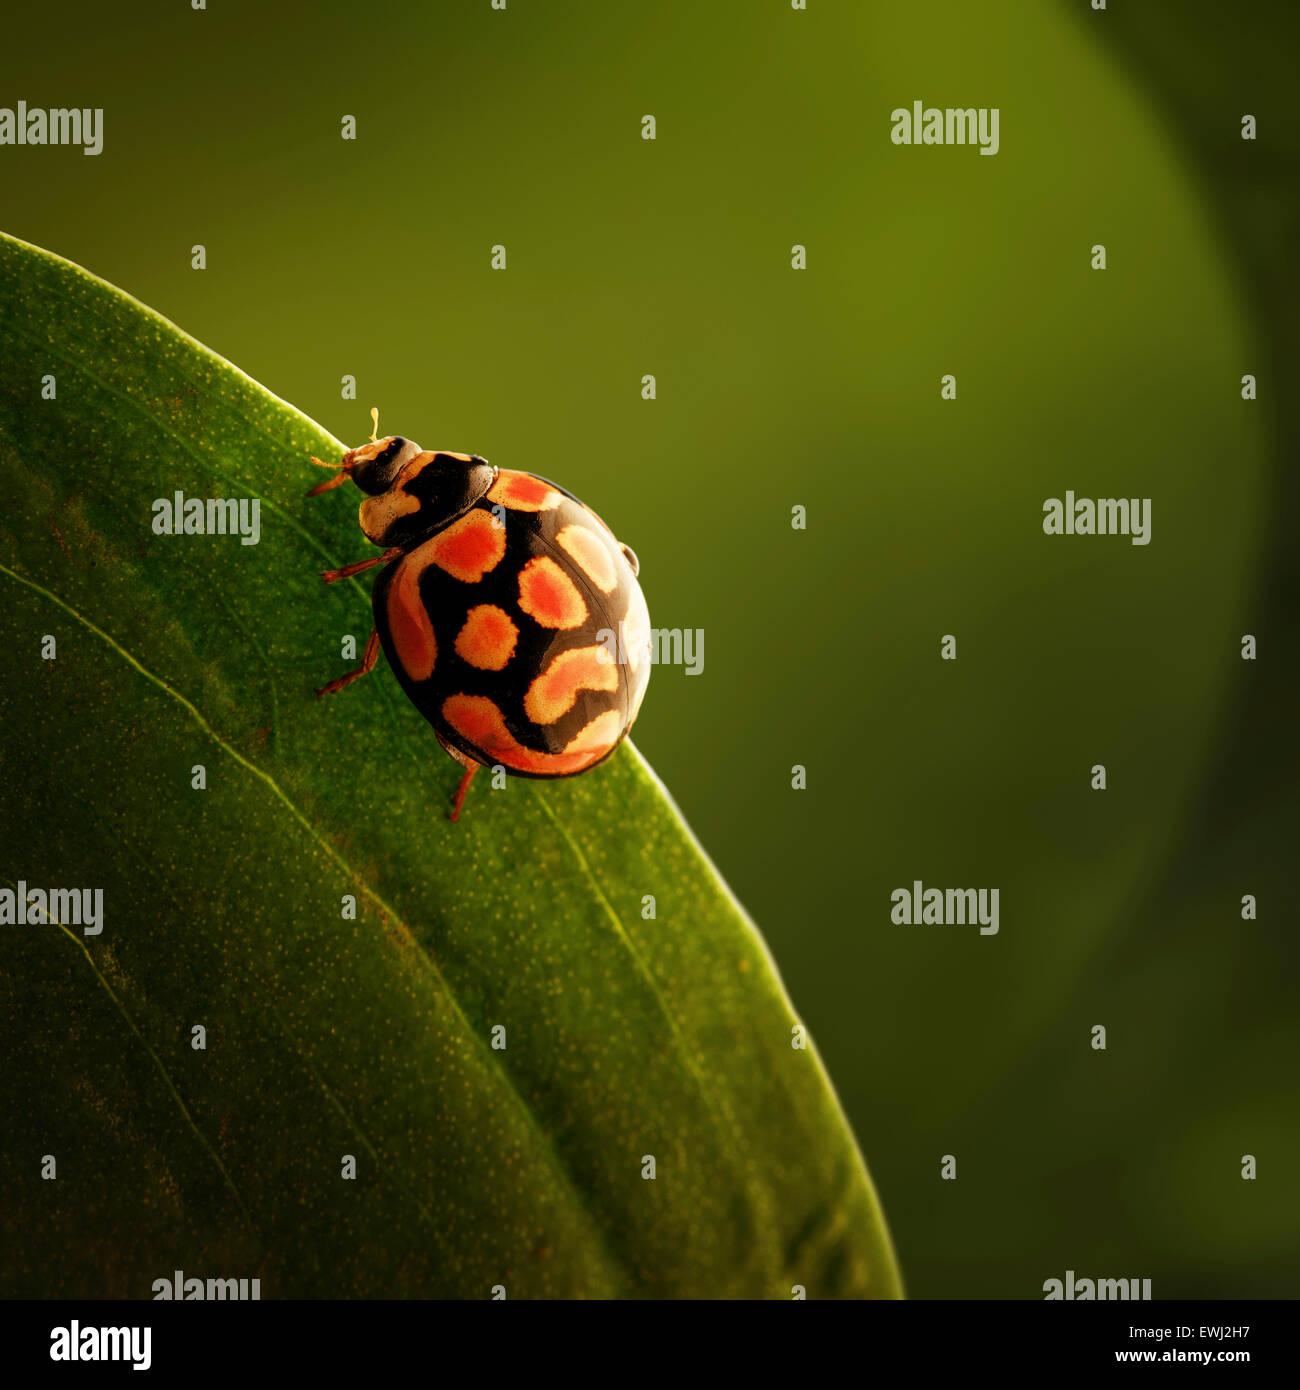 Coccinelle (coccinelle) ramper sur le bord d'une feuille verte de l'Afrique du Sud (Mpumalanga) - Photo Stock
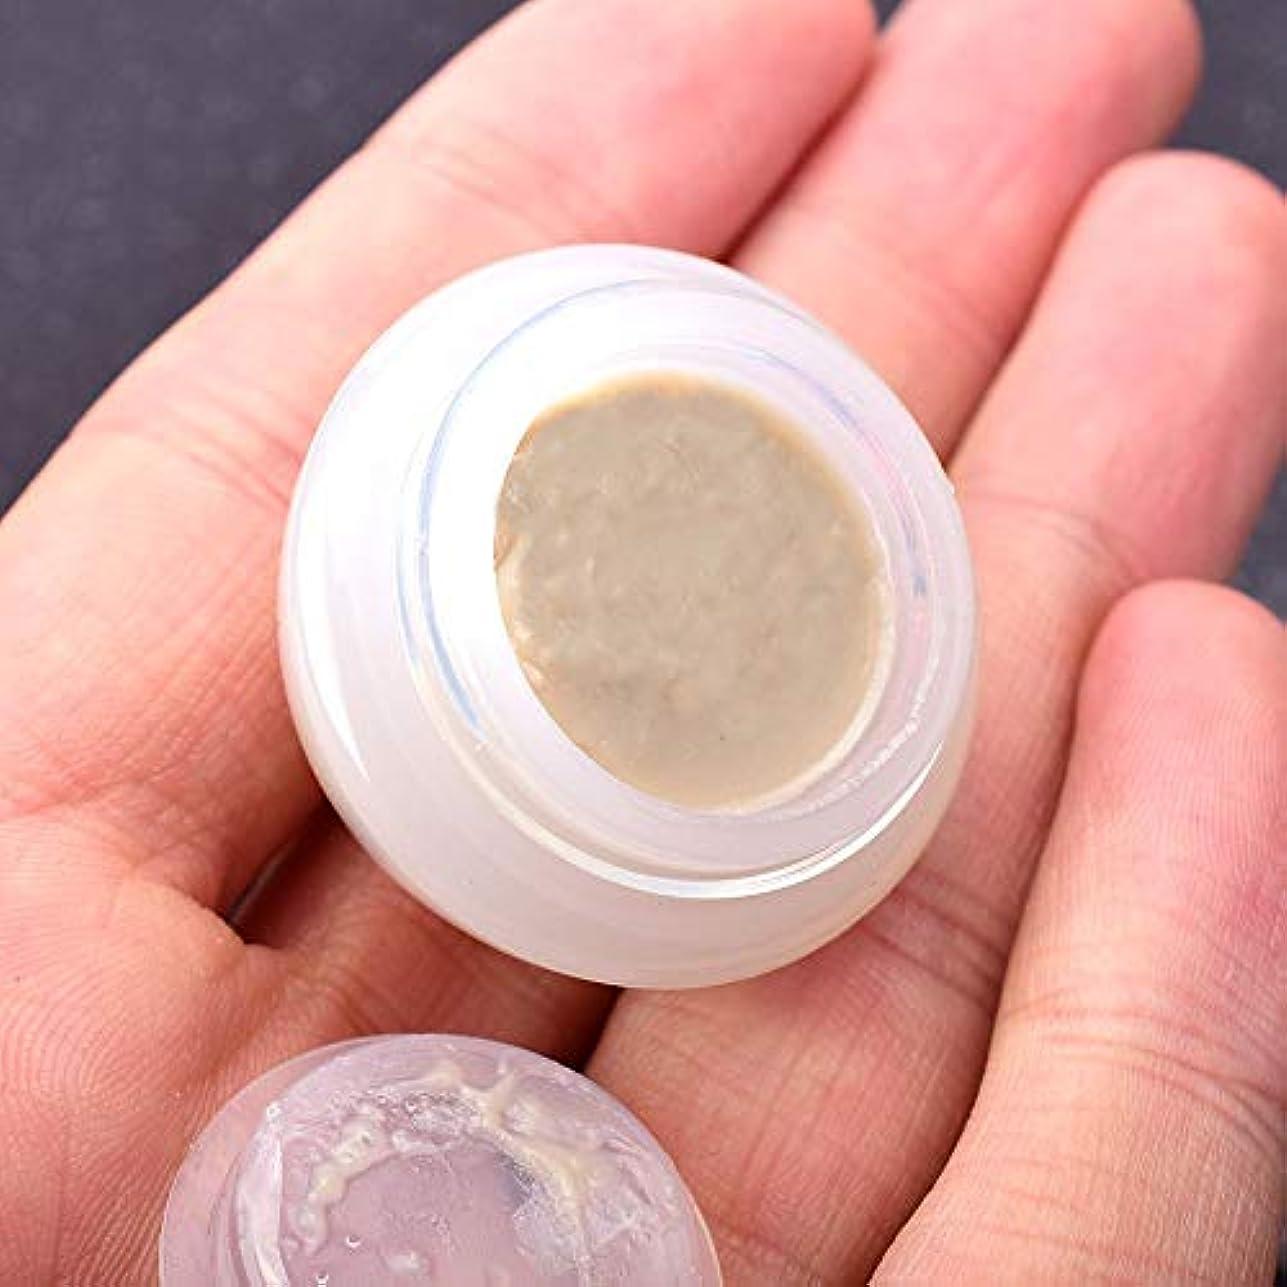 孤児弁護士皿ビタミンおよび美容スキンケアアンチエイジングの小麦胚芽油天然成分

---

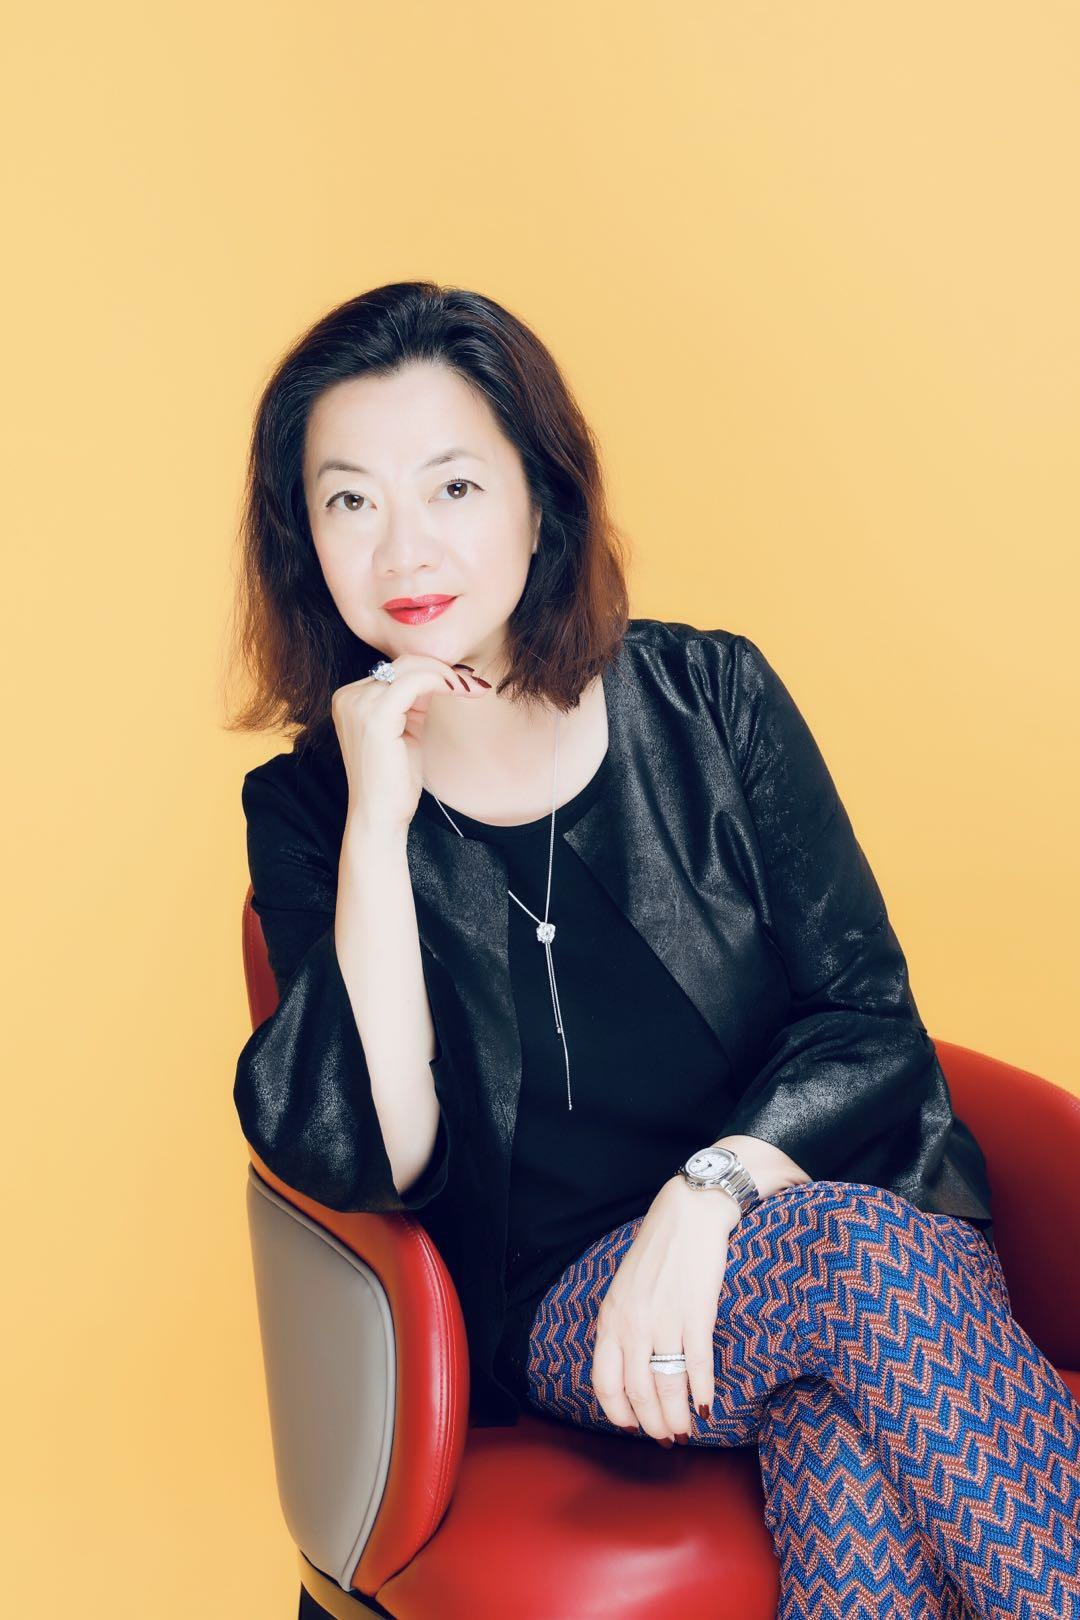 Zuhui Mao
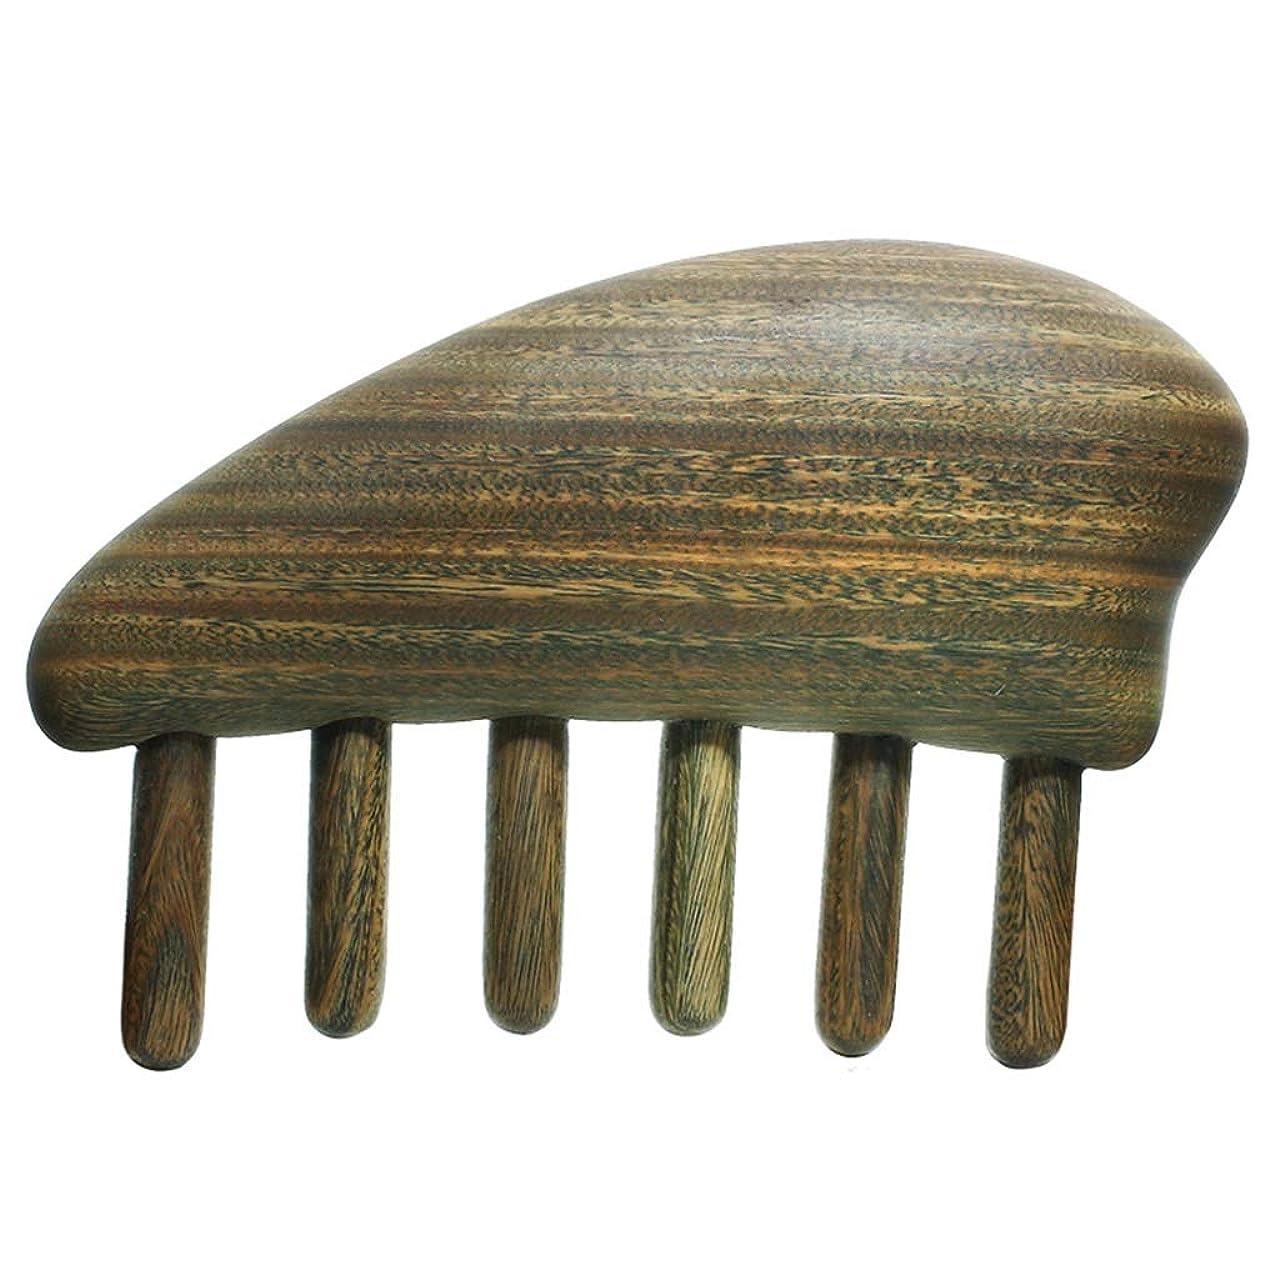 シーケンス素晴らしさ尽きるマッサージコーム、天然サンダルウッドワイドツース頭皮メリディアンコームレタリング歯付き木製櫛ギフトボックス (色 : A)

- **What to do**:
Print, exactly and with no pictures, the lines of the listing above starting at the one that has "Coccinelle (coccinelle) ramper" and ending at the one that has "孤児弁護士皿ビタミンおよび美容スキンケアアンチエイジングの小麦胚芽油天然成分", both included.

- **Answer to this task**:
 Coccinelle (coccinelle) ramper sur le bord d'une feuille verte de l'Afrique du Sud (Mpumalanga) - Photo Stock
 孤児弁護士皿ビタミンおよび美容スキンケアアンチエイジングの小麦胚芽油天然成分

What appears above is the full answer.